» **How to complete this task**
Please write out all the data that follows exactly, without the pictures.

The data START

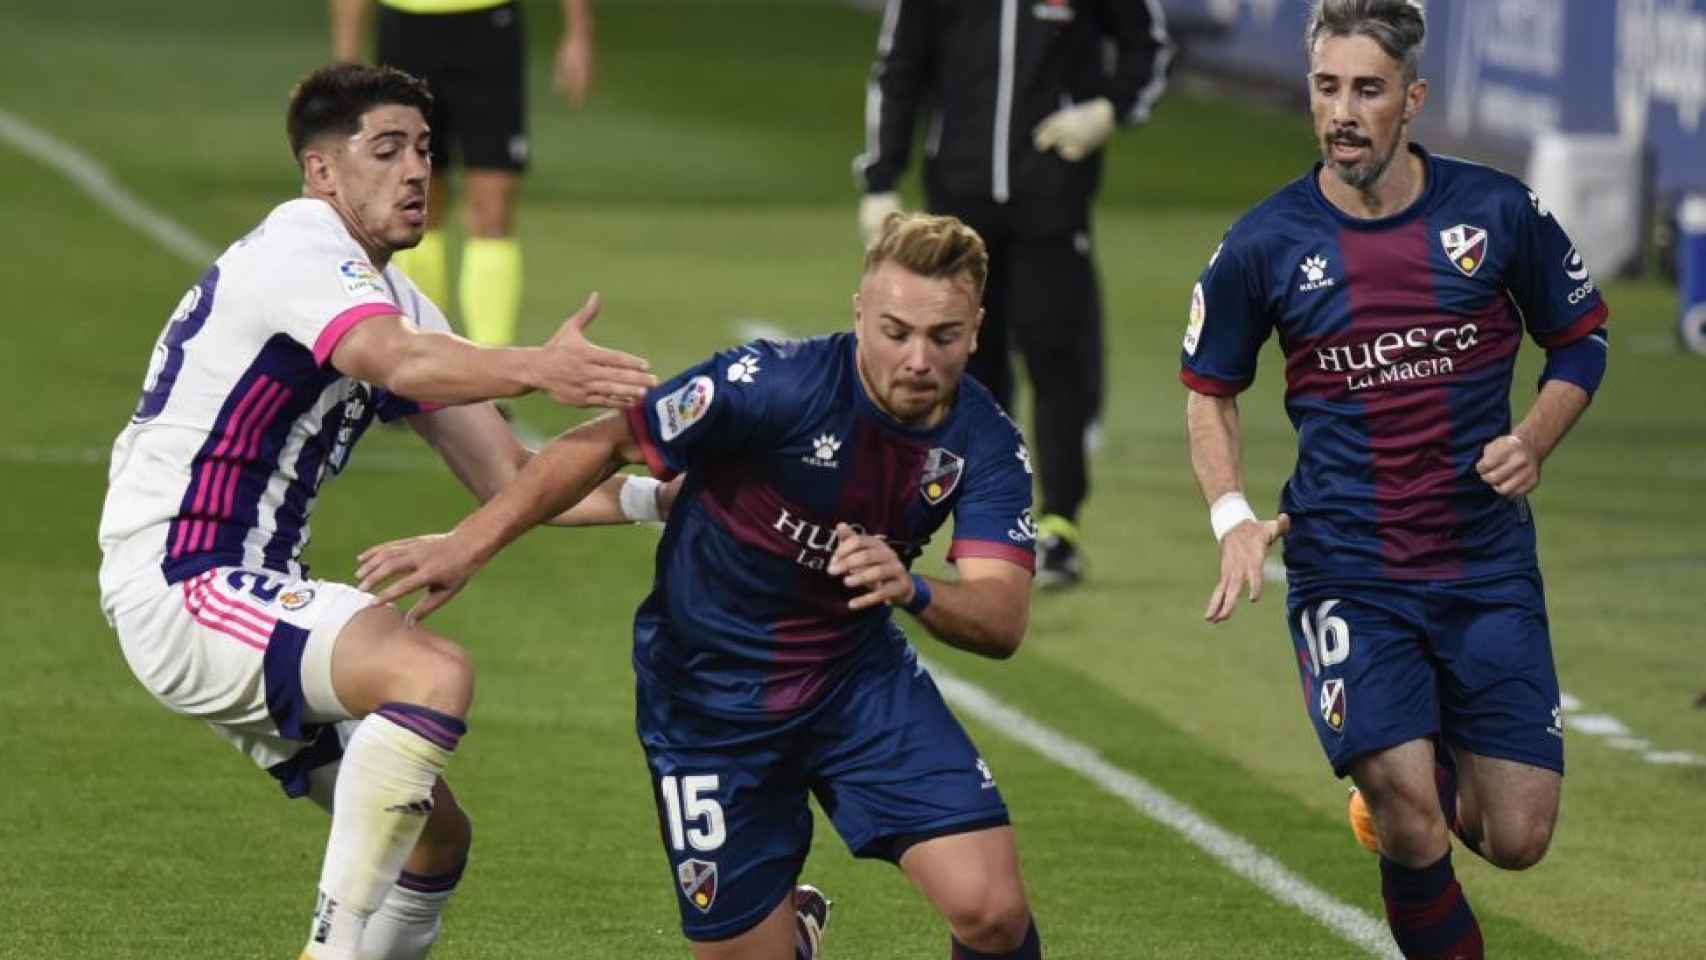 El Huesca ataca en busca de la victoria
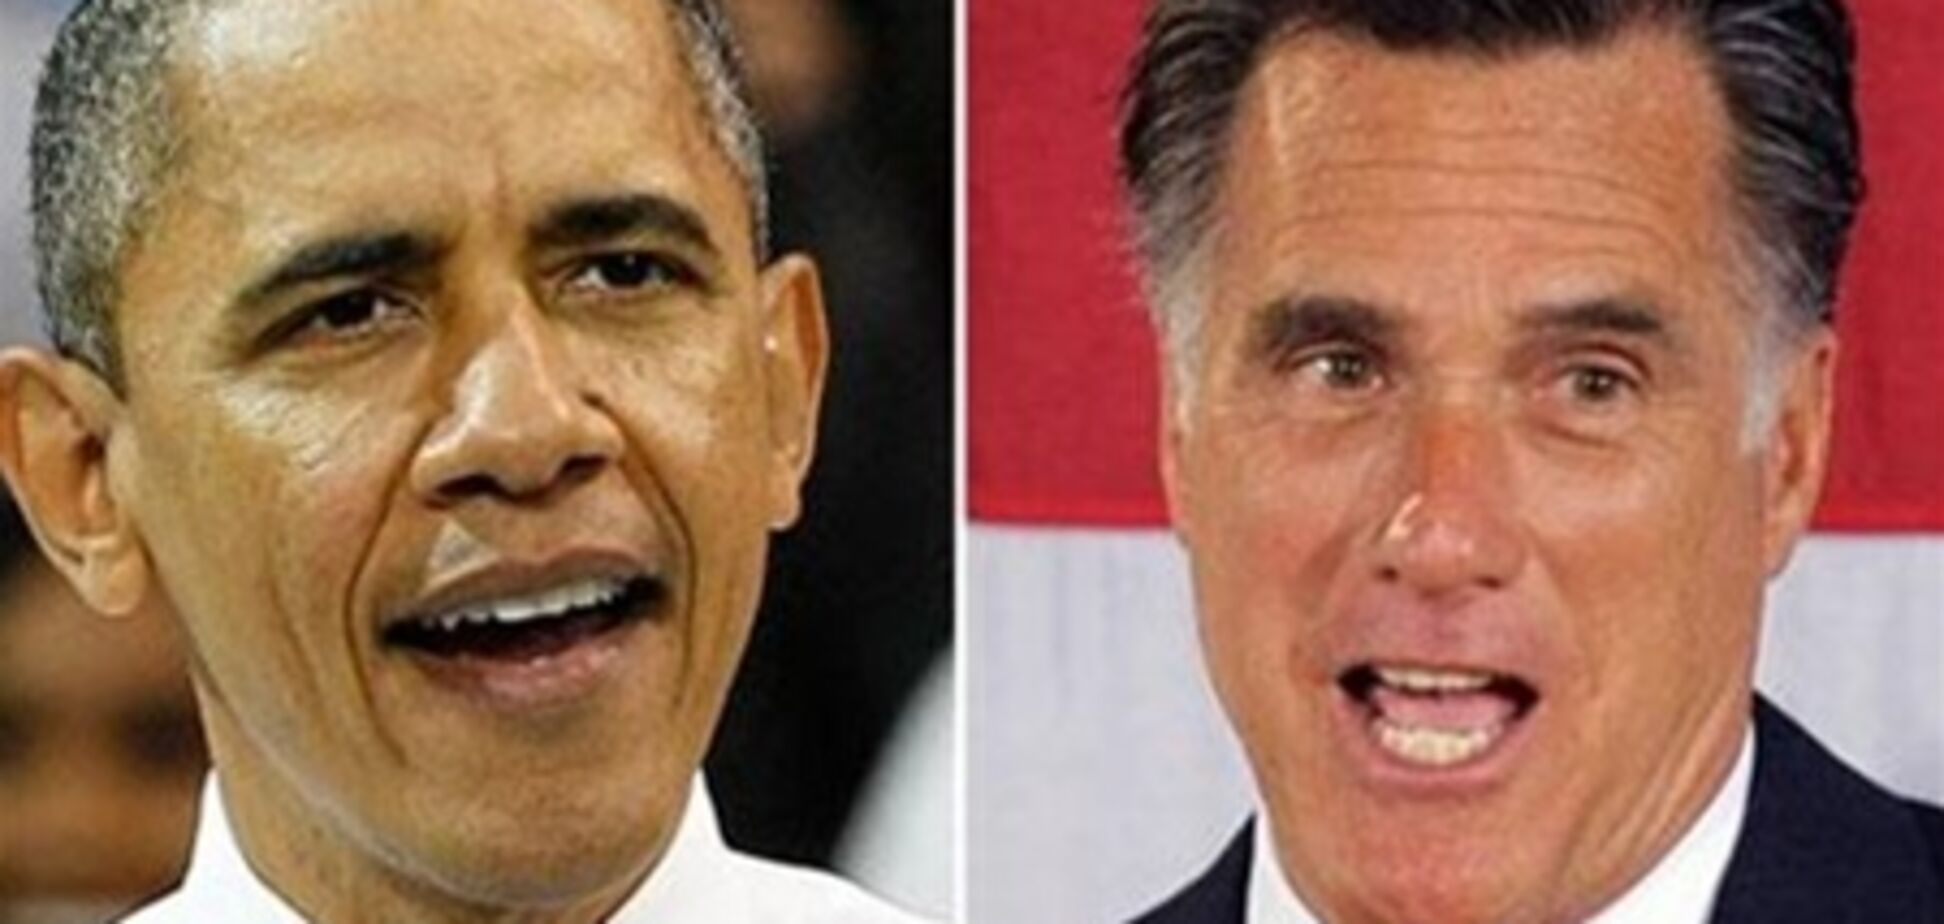 Ромни догнал Обаму по числу голосов потенциальных избирателей
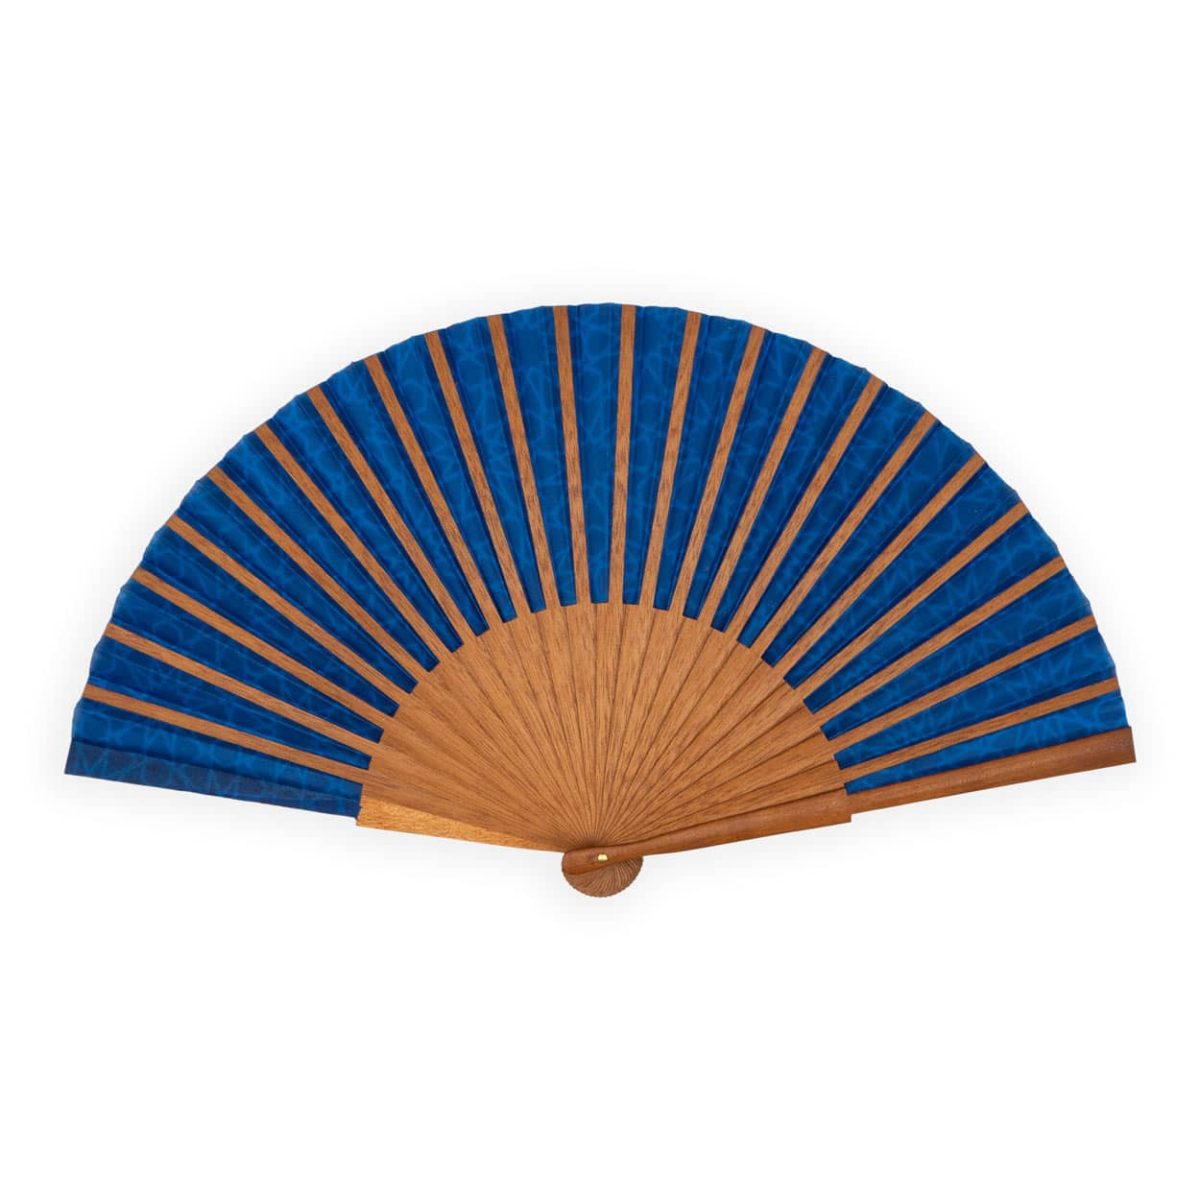 Blue Silk folding fan inspired by Islamic Art patterns

The data END

» **Answer area**
 El Huesca ataca en busca de la victoria
 Ромни догнал Обаму по числу голосов потенциальных избирателей
 Blue Silk folding fan inspired by Islamic Art patterns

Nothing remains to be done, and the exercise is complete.